With AC, you may calculate a bad value, but AC only kicks in [sometime] later, when the pointer is dereferenced [which may not happen in your API code at all].
I've done a complete memory allocator before [with overrun checks and "guard" pages, etc.]. The macro approach is what I used. And, if I had only one tool for this, it is the one I'd use. So, I recommend it above all else.
But, as I said, it can be used with the AC code as well.
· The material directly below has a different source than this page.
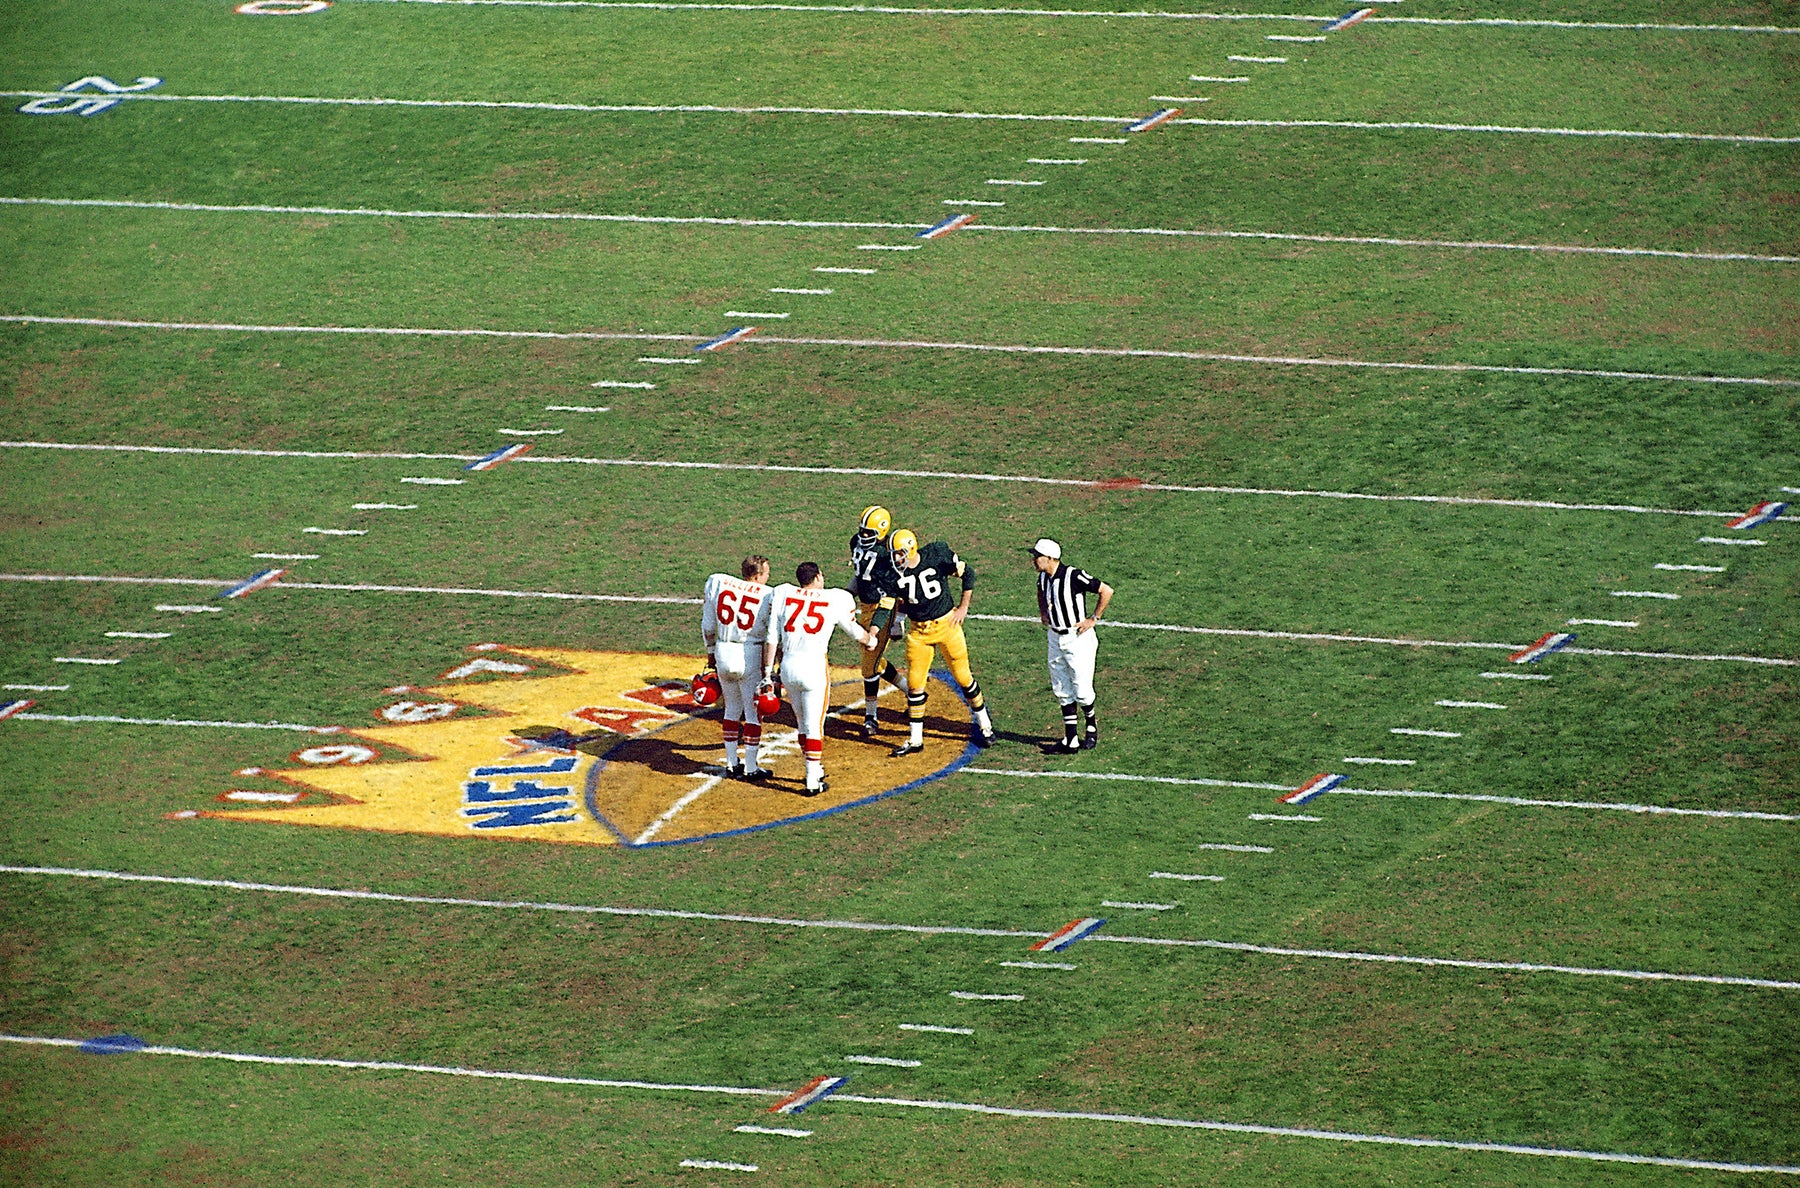 Coin Toss before Super Bowl I between the Green Bay Packers and Kansas City Chiefs

Here's the header file for the macros:
// acbit/acptr.h -- alignment check macros
#ifndef _acbit_acptr_h_
#define _acbit_acptr_h_
#include <stdio.h>
typedef unsigned int u32;
// bit mask for given width
#define ACMSKOFWID(_wid) \
((1u << (_wid)) - 1)
#ifdef ACDEBUG2
#define ACPTR_MSK(_ptr,_msk) \
acptrchk(_ptr,_msk,__FILE__,__LINE__)
#else
#define ACPTR_MSK(_ptr,_msk) /**/
#endif
#define ACPTR_WID(_ptr,_wid) \
ACPTR_MSK(_ptr,(_wid) - 1)
#define ACPTR_TYPE(_ptr,_typ) \
ACPTR_WID(_ptr,sizeof(_typ))
// acptrfault -- pointer alignment fault
void
acptrfault(const void *ptr,const char *file,int lno);
// acptrchk -- check pointer for given alignment
static inline void
acptrchk(const void *ptr,u32 msk,const char *file,int lno)
{
#ifdef ACDEBUG2
#if ACDEBUG2 >= 2
printf("acptrchk: TRACE ptr=%p msk=%8.8X file='%s' lno=%d\n",
ptr,msk,file,lno);
#endif
if (((unsigned long) ptr) & msk)
acptrfault(ptr,file,lno);
#endif
}
#endif
Here's the "fault" handler function:
// acbit/acptr -- alignment check macros
#include <acbit/acptr.h>
#include <acbit/acbit.h>
#include <stdlib.h>
// acptrfault -- pointer alignment fault
void
acptrfault(const void *ptr,const char *file,int lno)
{
// NOTE: it's easy to set a breakpoint on this function
printf("acptrfault: pointer fault -- ptr=%p file='%s' lno=%d\n",
ptr,file,lno);
exit(1);
}
And, here's a sample program that uses them:
// acbit/acbit3 -- sample allocator using check macros
#include <acbit.h>
#include <acptr.h>
static double static_array[20];
// mymalloc3 -- allocation function
void *
mymalloc3(size_t len)
{
void *vp;
// get something valid
vp = static_array;
// do lots of stuff ...
printf("BEF vp=%p\n",vp);
// check pointer
// NOTE: these can be peppered after every [significant] calculation
ACPTR_TYPE(vp,double);
// do something bad ...
vp += 1;
printf("AFT vp=%p\n",vp);
// check again -- this should fault
ACPTR_TYPE(vp,double);
return vp;
}
int
main(void)
{
int x;
setlinebuf(stdout);
// minimum alignment from malloc is [usually] 8
intptr = mymalloc3(256);
x = *(int *) intptr;
return x;
}
Here's the program output:
BEF vp=0x601080
acptrchk: TRACE ptr=0x601080 msk=00000007 file='acbit/acbit3.c' lno=22
AFT vp=0x601081
acptrchk: TRACE ptr=0x601081 msk=00000007 file='acbit/acbit3.c' lno=29
acptrfault: pointer fault -- ptr=0x601081 file='acbit/acbit3.c' lno=29
I left off the AC code in this example. On your real target system, the dereference of intptr in main would/should fault on an alignment, but notice how much later that is in the execution timeline.